The word emerged distinctly through bubbles of saliva. For the second time since breakfast her heels were drumming the floor, fortunately in the carpeted living-room. Jonathan was doing his best to keep hold of her head and arms. Meanwhile George tried to restrain her legs; already he had let go twice.
“Hazel, love,” said Nora. “Relax. Take a deep breath and relax. We’re all right here.”
“Gooseberries. Top and tail. Top and tail.”
Her head whipped from side to side, and just as Jonathan was about to lose his grip, the seizure ended. Hazel’s limbs grew heavy, her breathing slowed. He cradled her head while Nora brought a cushion.

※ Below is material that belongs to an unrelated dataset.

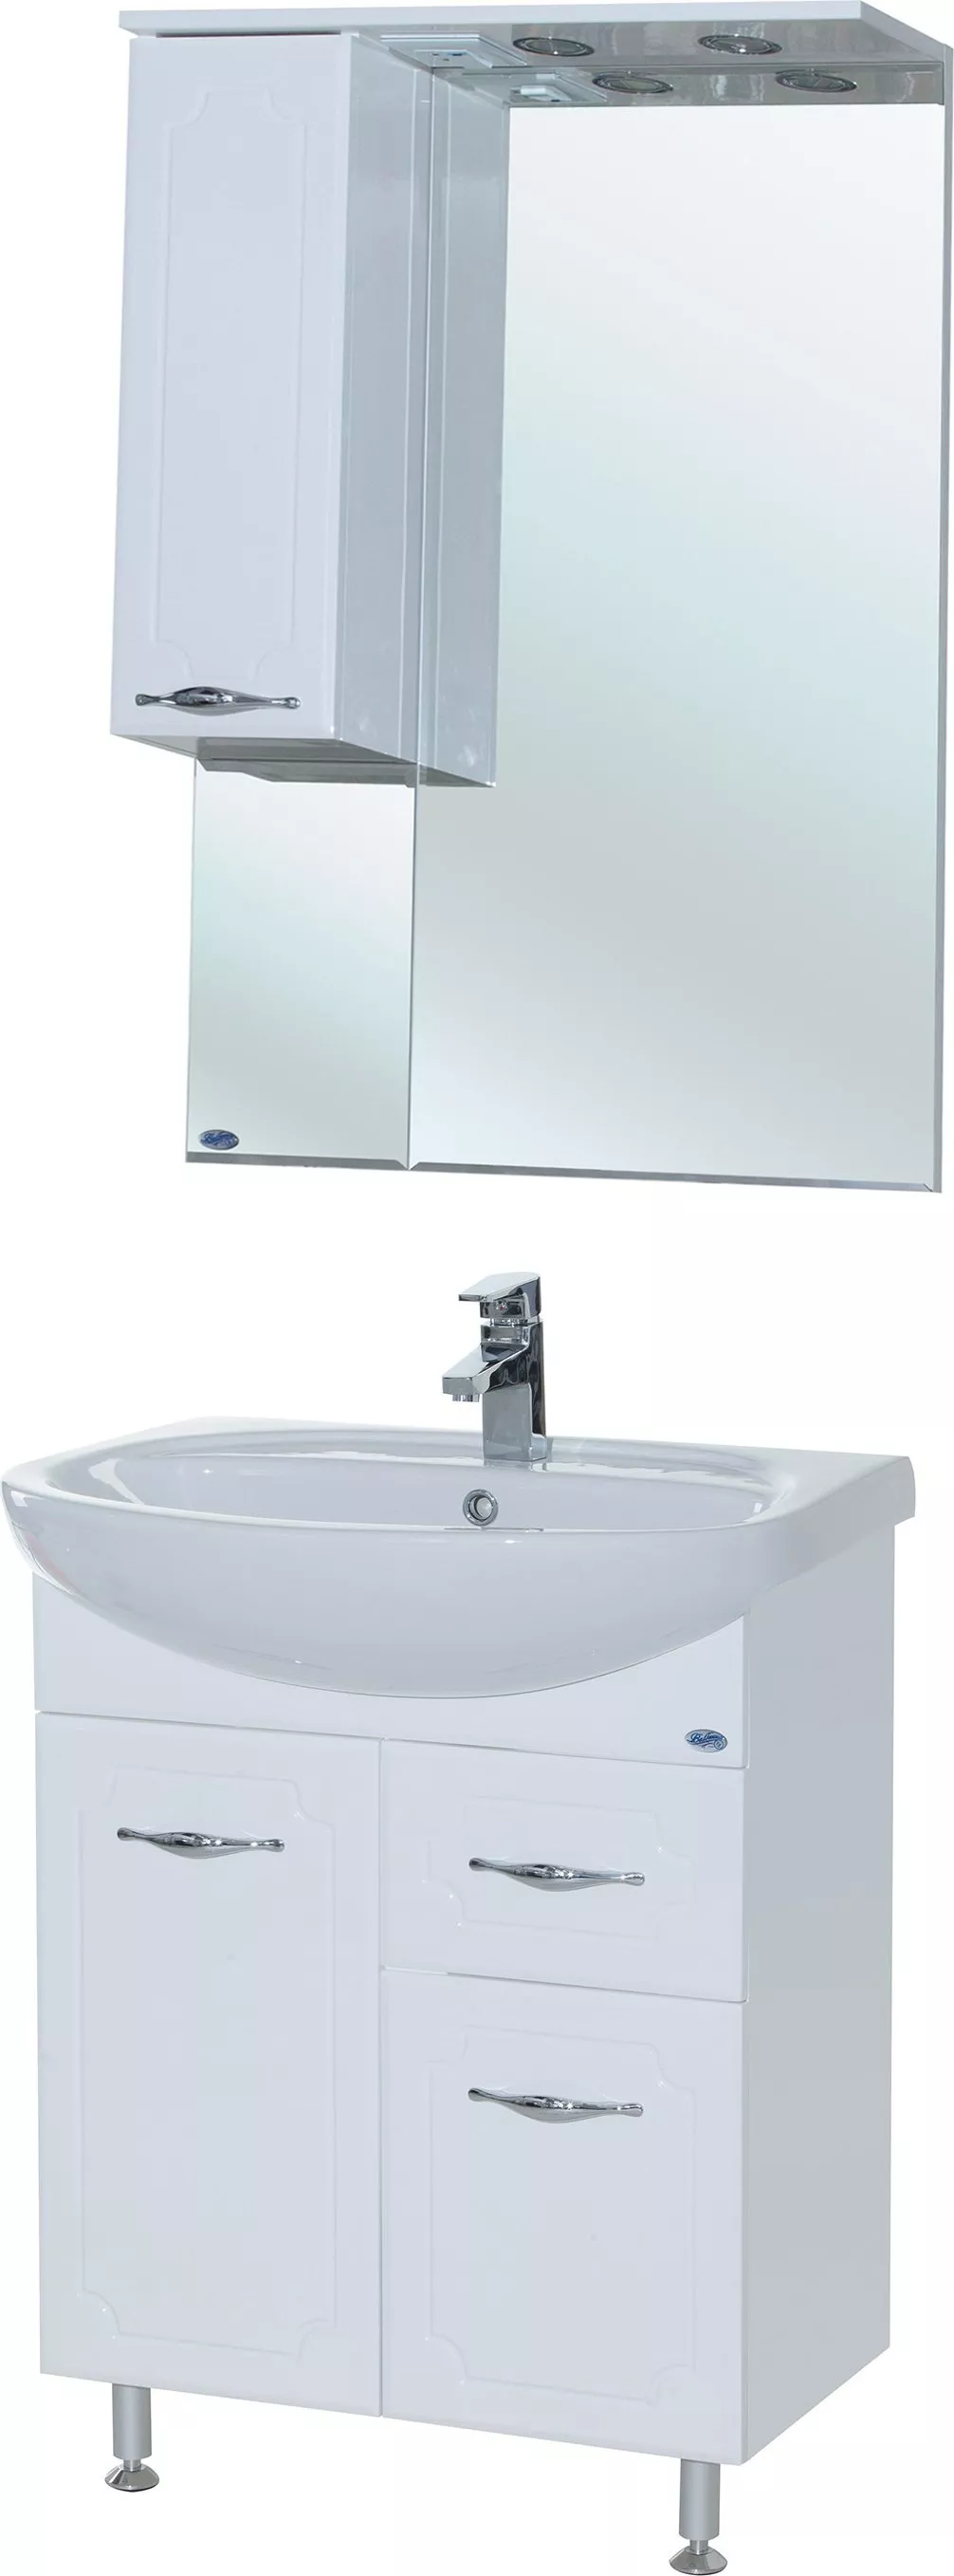 Мебель для ванной Bellezza Стелла 65 1 ящик белая, размер 66, цвет белый - фото 1

Together they covered her with a blanket. George hurried from the room; he would be making an entry, Jonathan knew, in the notebook where he detailed each seizure, searching for a correlation with weather, exercise, diet, household events. Sometimes Nora followed him but today, no such luck. She knelt in what Jonathan regarded as his rightful place, next to Hazel. He resigned himself to the nearest armchair. “That was terrible,” he said.